Of course that doesn't stop me from thinking about it. Will I be thinking about sex from now until I just have it? There are reasons why I'm leery (no pun intended!) of having sex. Bessie's situation has made me all too keenly aware of the repercussions of sex. It's hard because Pacey's use to relationships equaling sex. First there was Tamara (oh, god!) and then Andie. When I use to look at Pacey and Andie, I thought nothing would ever tear them apart. And when something did, it seemed all the more painful because they'd been so close and shared so much. Maybe a part of me is scared to
have someone know me that closely - it would make it all the more heartbreaking if it didn't work out.
Also, I have to admit that knowing Andie and Pacey had sex causes some additional anxiety.

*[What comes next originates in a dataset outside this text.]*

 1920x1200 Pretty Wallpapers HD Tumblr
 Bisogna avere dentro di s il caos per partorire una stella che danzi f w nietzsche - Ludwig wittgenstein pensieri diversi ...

For all Pacey and I shared, they've shared something we haven't... I hate to be jealous of history but at the core, I am.
Ok - no mention of sex, condoms, birth control pills, Norplant, IUD, or anything in this journal entry...
Sad thing is I don't have anything else to write about. I guess I'm the one with a one-track mind.
Let's see - well we had to do the physical fitness test today. Jen and I are getting closer than ever - first she helped me deal with that ungodly hangover, then she gave me birth control/sex advice (whoops - I mentioned it), and now she held my legs while I did 53 sit-ups in a minute. But that arm hang - it's torture! Jen outlasted me but I did beat one person - Barbara Johns!
And Andie seriously needs to back off with this college stuff - I'm on the verge of anxiety attacks. I'm hard at work on my applications and I can't wait for college. I've been dreaming about getting out of Capeside forever...now I guess I'm just scared of it actually happening.
The only thing is...if Pacey and I are going our separate ways at the end of the year (will we????), maybe we should have sex now - we might not get another chance. On the other hand, if we're meant to be together, it will eventually happen, won't it? ...
AAAAAAHHHHHHHHH! No more debating about sex. What happened to the days when I debated about things like "E.T." and "Footloose?".